Almost. The way I would see it working is that, when creating a new Action within an Action Group, there would be a new option in the "Select Action Type" drop down list, which would be something like "Run Action Group". It would take the name of the action group to run, as a parameter. This would allow Action Groups to be treated like subroutines. The "groups" that you refer to would be a new Action Groups, each composed of calls to other Action Groups, mixed in with other Actions if required.
The obvious(?) implementation involves a recursive call to the "Run Action Group", hence my comment about re-entrant code. I implemented something similar in another program, Long, Long Ago in a Computer Lab Far Far Away - the actual implementation is a lot simpler than it sounds.
Just to illustrate (and I'm not trying to tell Florian how to code! - this is just for other "interested parties" and to clarify what I mean) - the implementation goes something like this. Assuming that there's a routine somewhere in MP3Tag that processes an Action Group specified as a parameter, we insert an extra "ActionGroupAsAction" line to make it look something like this:
Function ProcessActionGroup(ActionGroupName, Parameter1, Parameter2, Parameter3);
Select On ActionGroupName
Format: <format Parameter1>;
Replace: <replace Parameter1 with Parameter2>;
ReplaceWithRegEx: <replace regex Parameter1 with Parameter2>;
ActionGroupAsAction: ProcessActionGroup(Parameter1, Parameter2, Parameter3, Null);
(written in ObviousCode ).
Note that the ActionGroupAsAction line passes the incoming Parameter1 to ProcessActionGroup as the new ActionGroupName parameter, so it "calls" the named Action Group.
In Real Life it's not quite so trivial, there are issues with typing, etc., and the code has to all be re-entrant (suitable for recursion - no global variables), but I hope this illustrates the idea - it's also a good classroom example of how to use recursion effectively.
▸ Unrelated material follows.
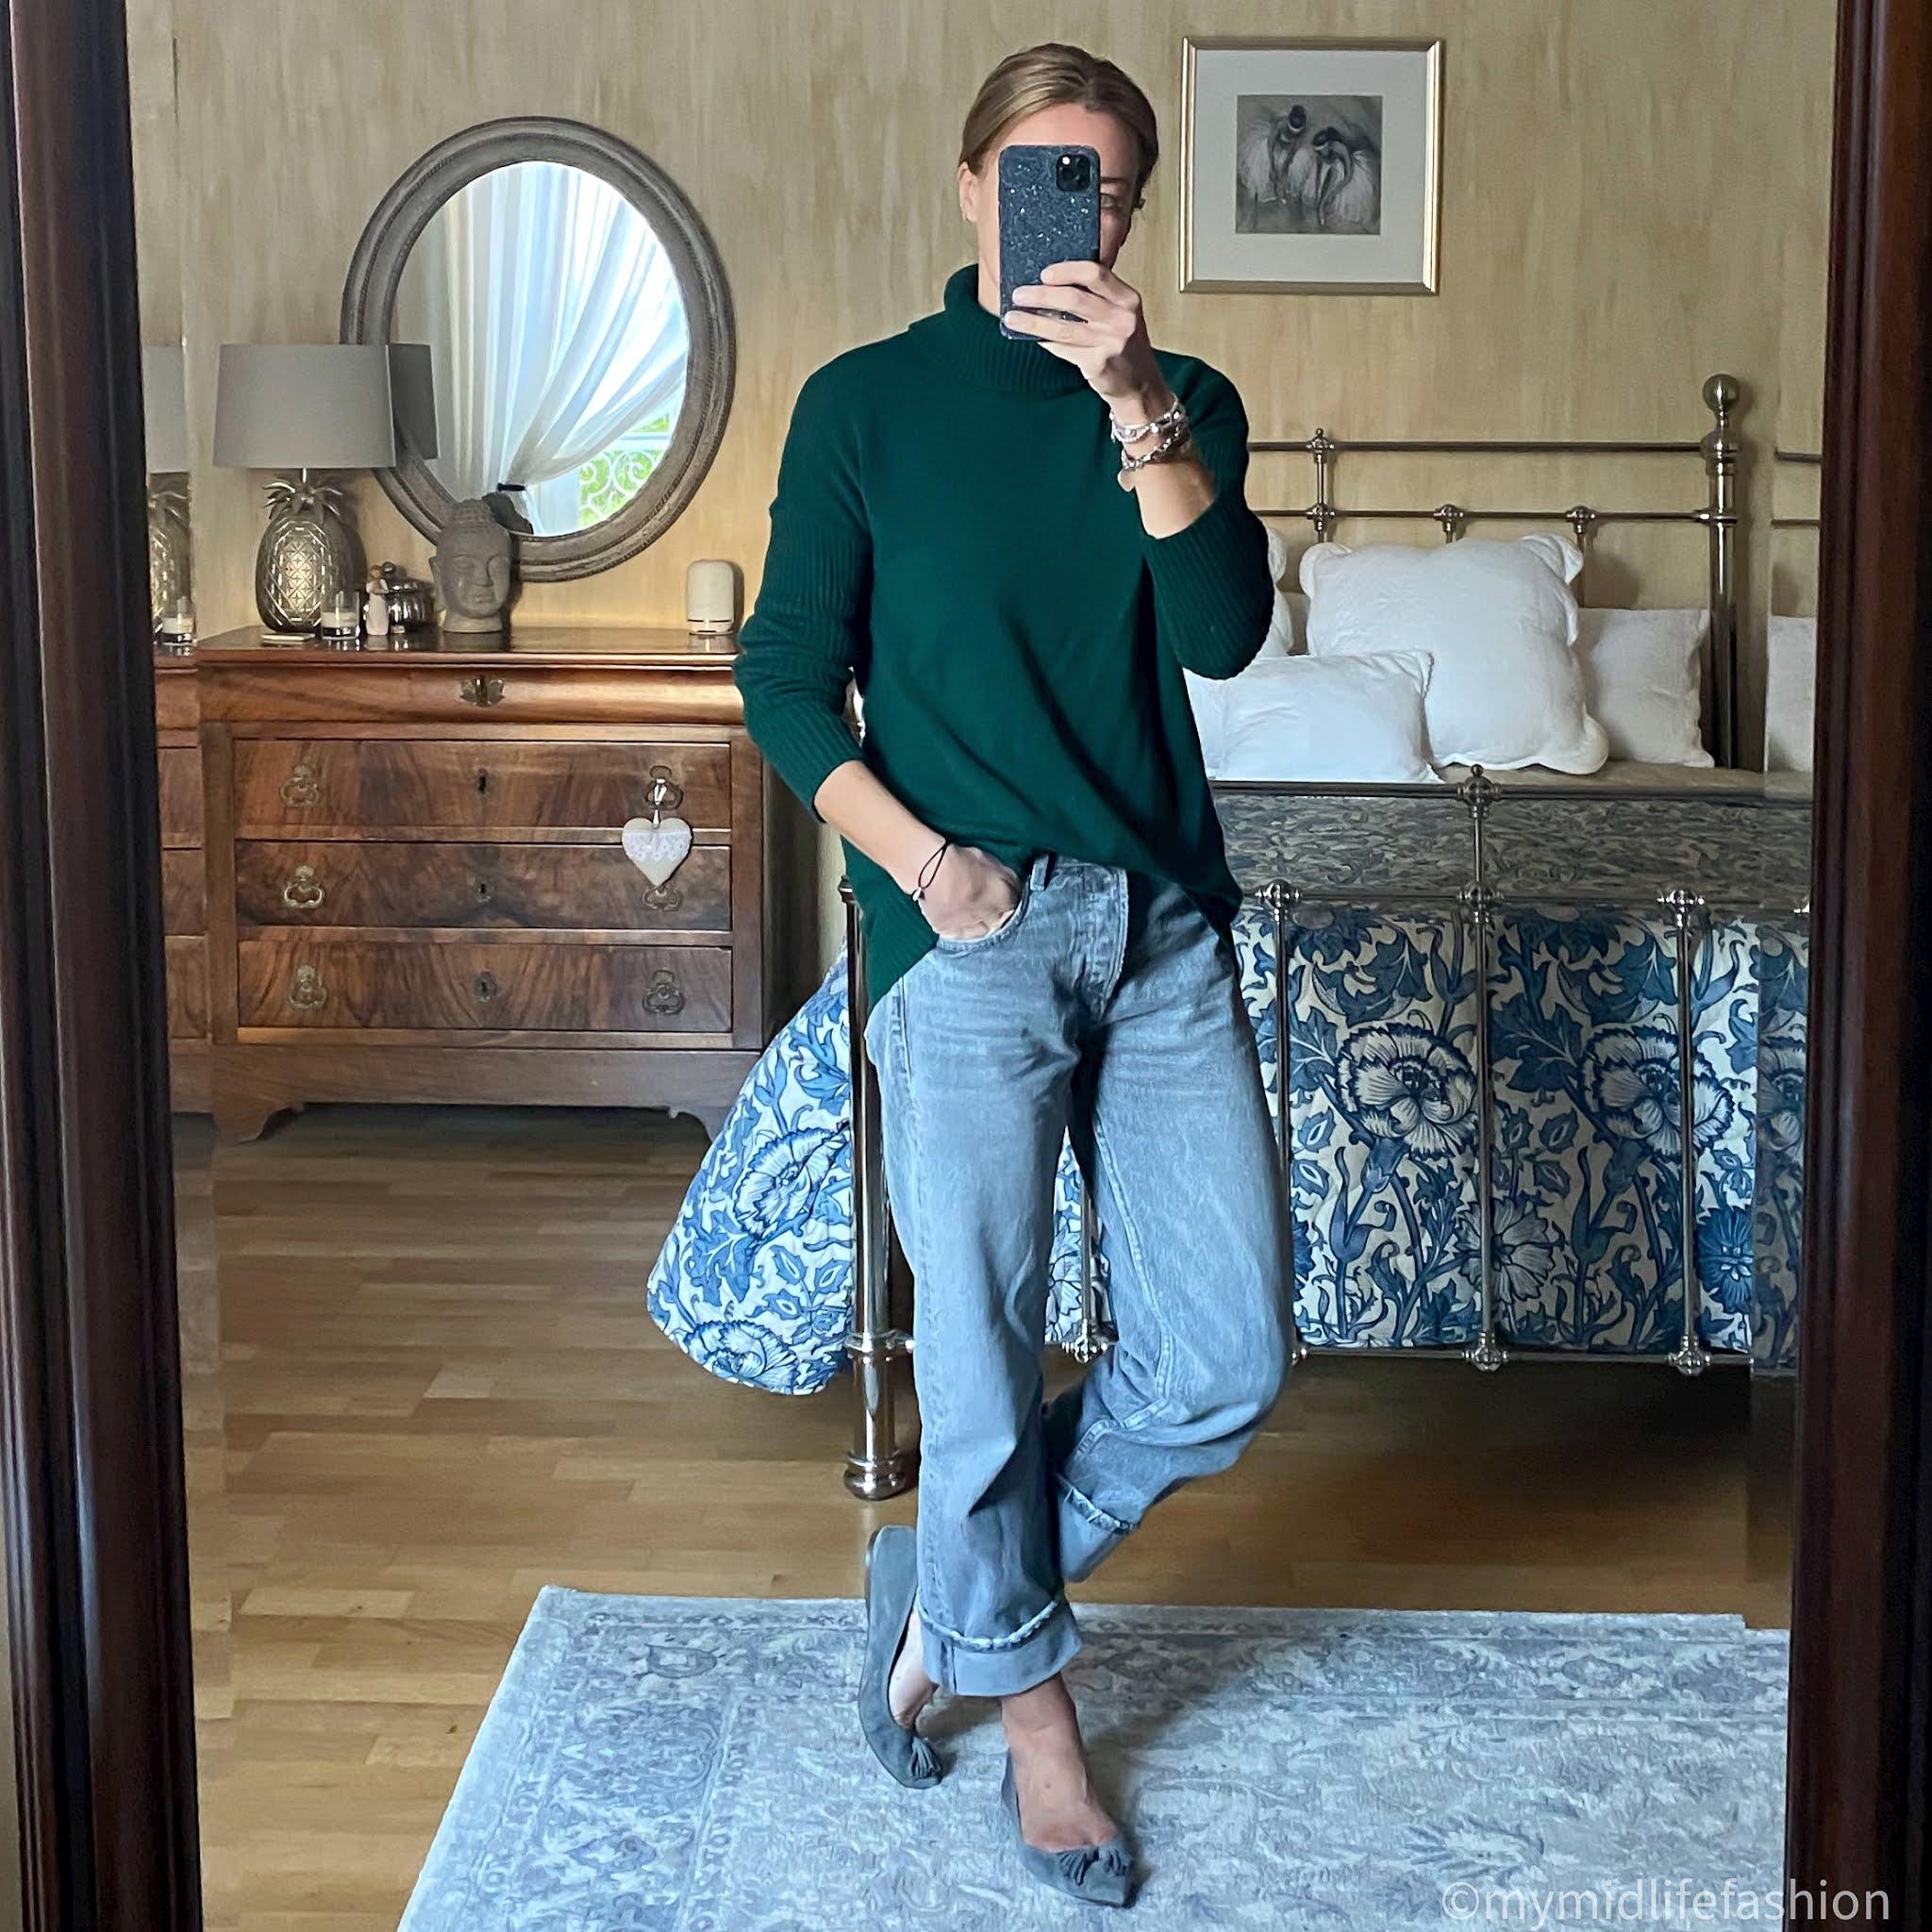 my midlife fashion, baukjen roll neck jumper, zballet pumpsara boyfriend jeans, j crew suede pointed flat

Yes - that's the objective.
Kind of - by doing it recursively, you can add an infinite number of levels of hierarchy - Each Action Group can contain calls to other Action Groups, which in turn call more Action Groups, etc. There would need to be a depth limit specified, though, in order to prevent accidental infinite recursion which would hang the program.
Almost, but not quite - '"Run Action Group" as an Action' would allow you to write one Action Group that can then be inserted into others (potentially nested) - this is far more powerful than just being able to (manually) load and save sequences.